Suppose that there are 40 groups, each with 400 values to their name (we could have a range of values to each group, but this would make things more difficult as you would either have to use a sparse tensor or augment each group with 0's numbering (length of the maximally size group) - (length of current group)). We want an NN to predict accurately the sum of those 400 values by group.

For this task we can employ an LSTM, but there are probably other options. What I have code below is more a proof of concept.

This program and the NN it contains produces the output at the bottom

import tensorflow as tf
import numpy as np
import pandas as pd
from tensorflow import keras
from sklearn.model_selection import train_test_split
import random as r

np.random.seed(1234)

X = np.array([r.random()+r.randint(0,5) for i in range(16000)])
X = X.reshape(400, 40, 1)

print(X)

Y = []
for x in X:
    Y.append(x.sum())
Y = np.array(Y)

trn_x, val_x = train_test_split(X, test_size=0.2)
trn_y, val_y = train_test_split(Y, test_size=0.2)

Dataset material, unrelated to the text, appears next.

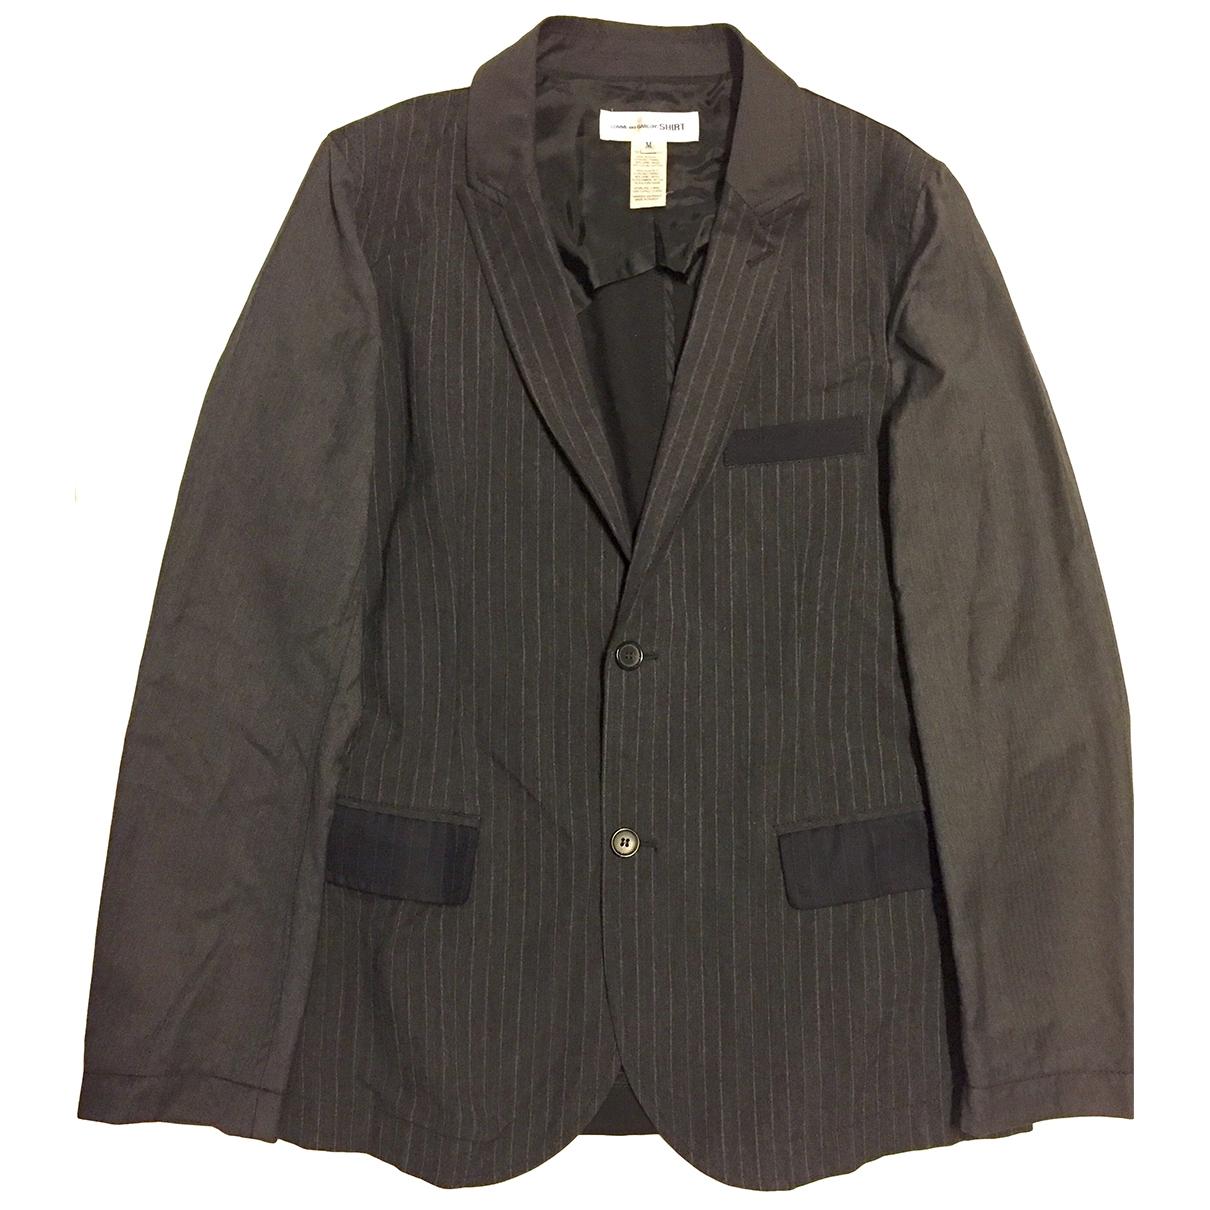 Comme Des Garcons \N Anthracite Wool jacket  for Men M International

model = tf.keras.Sequential()
model.add(tf.keras.layers.LSTM(100, activation='relu', return_sequences=True, input_shape=(40, 1)))
model.add(tf.keras.layers.LSTM(75, activation='relu', return_sequences=True))
model.add(tf.keras.layers.LSTM(50, activation='relu', return_sequences=True))
model.add(tf.keras.layers.LSTM(25, activation='relu'))
model.add(tf.keras.layers.Dense(10, activation='relu'))
model.add(tf.keras.layers.Dense(1))
model.compile(
    optimizer='adam',
    loss='mse',
    metrics=['accuracy']
)

history = model.fit(
    trn_x,
    trn_y,
    validation_data=(val_x, val_y),
    epochs=8,
    verbose=1
)

tst = np.array([r.random()+r.randint(1,5) for i in range(40)]).reshape((1, 40, 1))
print(f'Actual: Sum of Tst {tst.sum()}')
tst_out = model.predict(tst, verbose=0)
print(f'Predicted: Sum of Tst {tst_out}')

model.save_weights(filepath='Epochs08.h5')

Now see the output

Epoch 1/8
320/320 [==============================] - 11s 33ms/sample - loss: 14464.3957 - accuracy: 0.0000e+00 - val_loss: 12610.6732 - val_accuracy: 0.0000e+00
Epoch 2/8
320/320 [==============================] - 4s 11ms/sample - loss: 10540.1985 - accuracy: 0.0000e+00 - val_loss: 11923.0959 - val_accuracy: 0.0000e+00
Epoch 3/8
320/320 [==============================] - 4s 12ms/sample - loss: 13577.3292 - accuracy: 0.0000e+00 - val_loss: 8517.4146 - val_accuracy: 0.0000e+00
Epoch 4/8
320/320 [==============================] - 4s 11ms/sample - loss: 11339.2666 - accuracy: 0.0000e+00 - val_loss: 11675.0383 - val_accuracy: 0.0000e+00
Epoch 5/8
320/320 [==============================] - 4s 12ms/sample - loss: 5248.6647 - accuracy: 0.0000e+00 - val_loss: 1544.8824 - val_accuracy: 0.0000e+00
Epoch 6/8
320/320 [==============================] - 4s 11ms/sample - loss: 673.1250 - accuracy: 0.0000e+00 - val_loss: 170.6239 - val_accuracy: 0.0000e+00
Epoch 7/8
320/320 [==============================] - 4s 11ms/sample - loss: 238.3624 - accuracy: 0.0000e+00 - val_loss: 179.2275 - val_accuracy: 0.0000e+00
Epoch 8/8
320/320 [==============================] - 4s 11ms/sample - loss: 184.1248 - accuracy: 0.0000e+00 - val_loss: 188.9833 - val_accuracy: 0.0000e+00
Actual: Sum of Tst 146.00304187273503
Predicted: Sum of Tst [[113.81824]]

While somewhat off, our NN would most likely become more accurate with more data, better fine tuning, and more layers or a better sequence of layers. I hope this helps in your quest. I will probably do some more testing for fun and to improve the accuracy; I wish you the best.